Actually, our prom picture is one of two photographs; same subject, same friend, that I've kept and displayed by my desk ever since they were taken. The other is a black and white glamour shot in which she is wearing another unlikely costume, her girlfriend's silk robe. My friend's hair was always terribly important to her. When we were in high school, if the power went out, she didn't go to school. No blow-dryer, no go. In this other picture her face is surrounded by mounds of wavy hair. She's obviously meant to be cool. She actually looks a bit terrified. Telling again.
I cried with her when my high school love went to college and got a girlfriend. She kicked the shit out of garbage can with me when her stepmother invited her to visit and my friend's wretched father yet again made her feel like a mistake he intended to forget.
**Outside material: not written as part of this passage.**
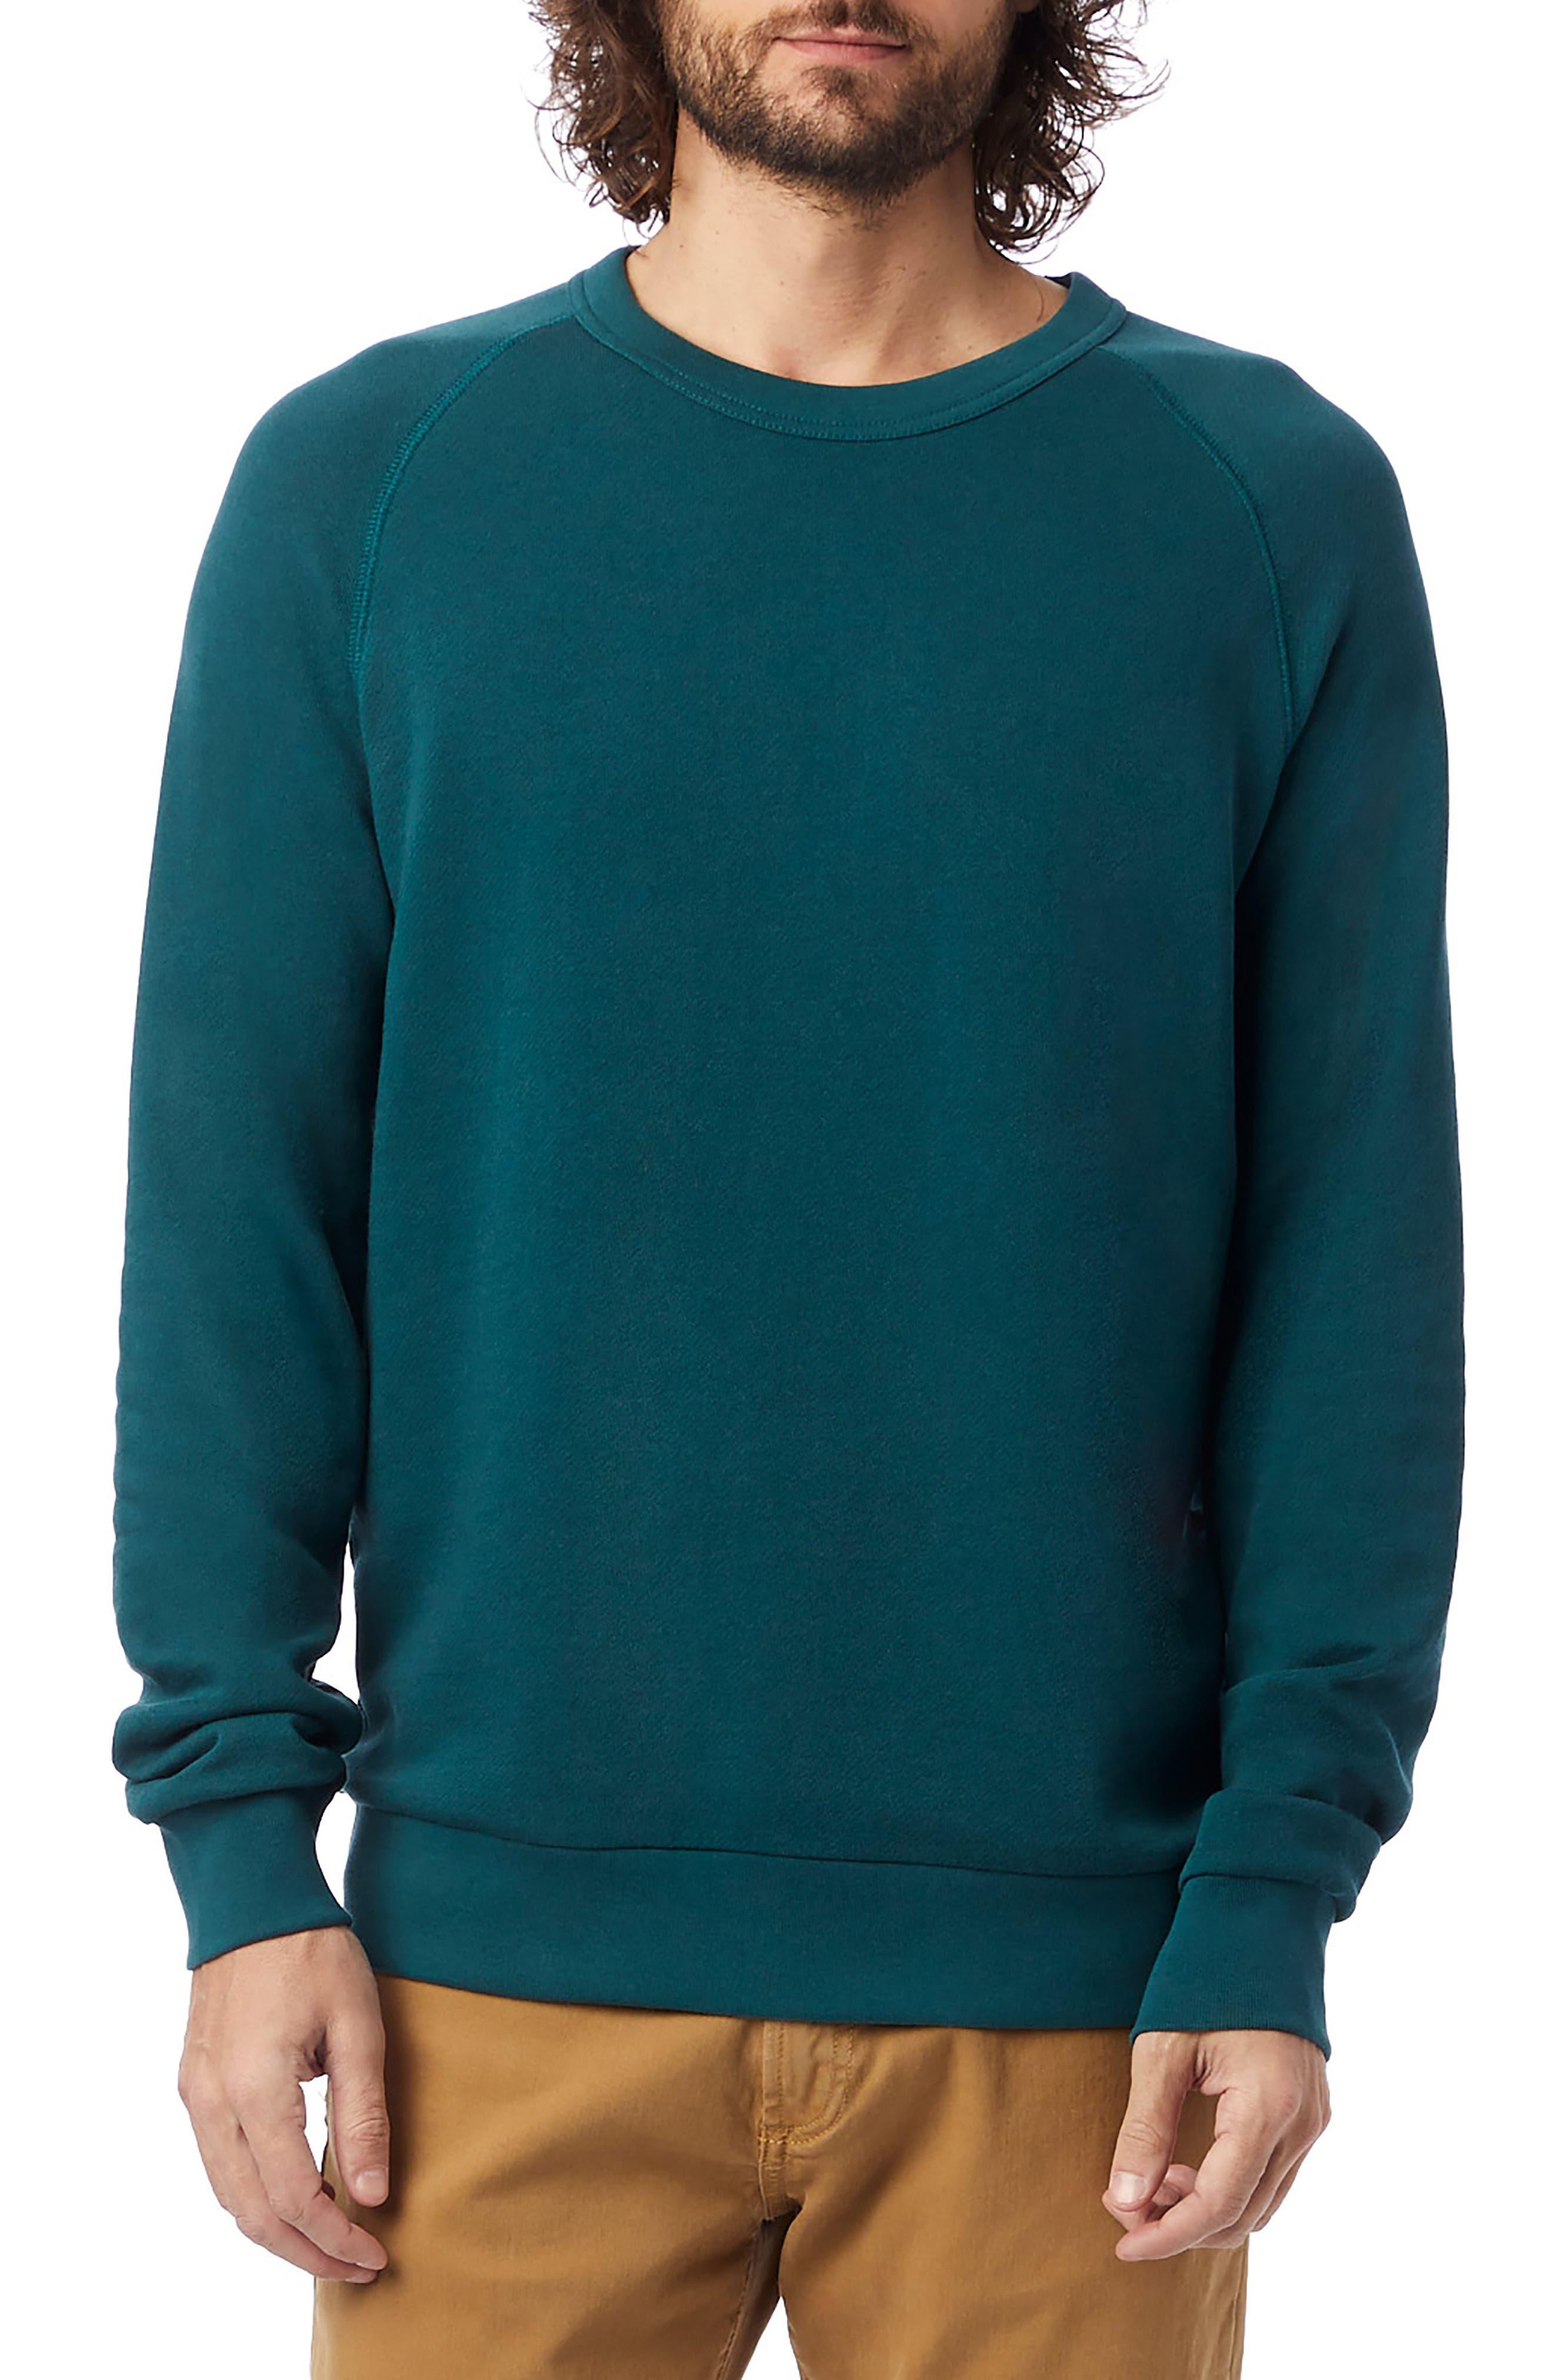 Champ Washed Terry Sweatshirt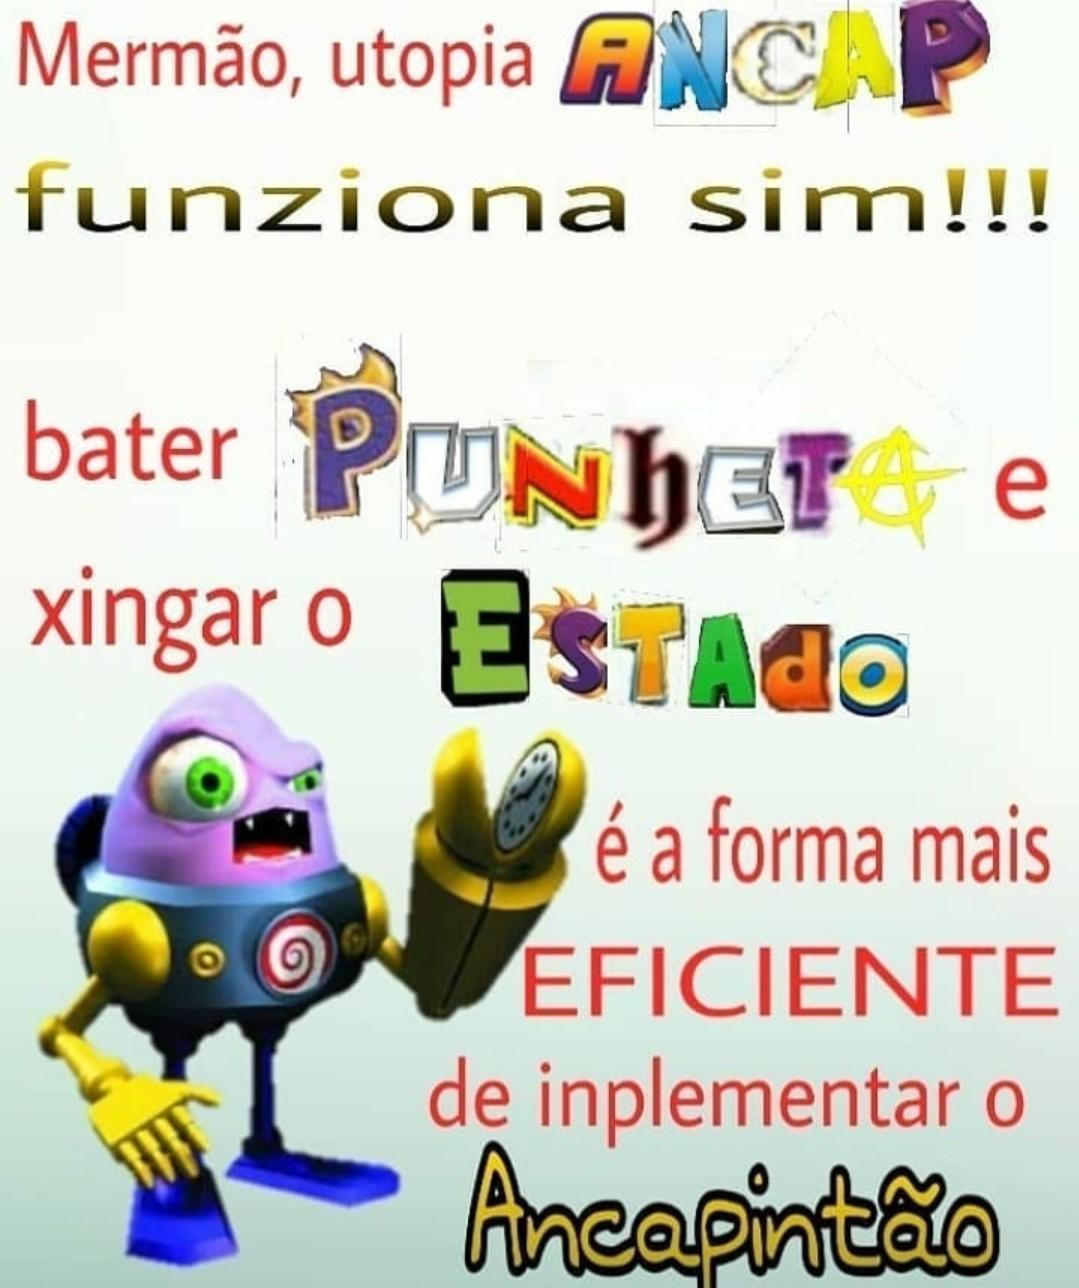 Buzeta - meme

Later, when every seven years she broke up with yet another girlfriend, then partner, then wife, I had the rare good grace to not note the pattern while sympathizing.
Her life proved to be hard in ways we could not have imagined when we were young. Never an easy woman to know, though always easy to love, my friend became all but impossible at times. I can only imagine how hard it must have been to be her. For long stretches, including now at what's proven to be the end, we fell out of touch. She was never good at returning calls. She never wrote. She was often late or simply never showed up. Did not matter in one way at least. I never had a moment's doubt that she loved me just as I loved her and always will. She was my youth and I was hers and that was over a very long time ago for both of us, but it was always there between us. Any excuse and back it came, roaring and cursing and laughing so loud it choked us.
It is important to keep the evidence of love when we can, as well as the memory. In front of me now, in addition to the pictures I've described there are some few small tokens of time spent together, just my friend with me. I will not describe these not because they in any way compromise my friend or would have any meaning to anyone else. Just a few trinkets from my old jewelry box; mementos of trips, and times gone long by, and private jokes. It's true that she would not like me sharing old photographs, but what harm can that do now? These little things I can hold in my hand I'll keep to myself instead. I've always told too much. I should keep some of her secrets. I have and I will. Let these stand for those. Let me hold on to just these. Her I remember here for any and all she touched besides me. I know there were so many. She helped people. Remember that of her. She was my very best friend once. I remember that. With her goes the last of what we were then.
Hey, fucker. Love you. Aaaaaarrrrggggghhhhh!!!!!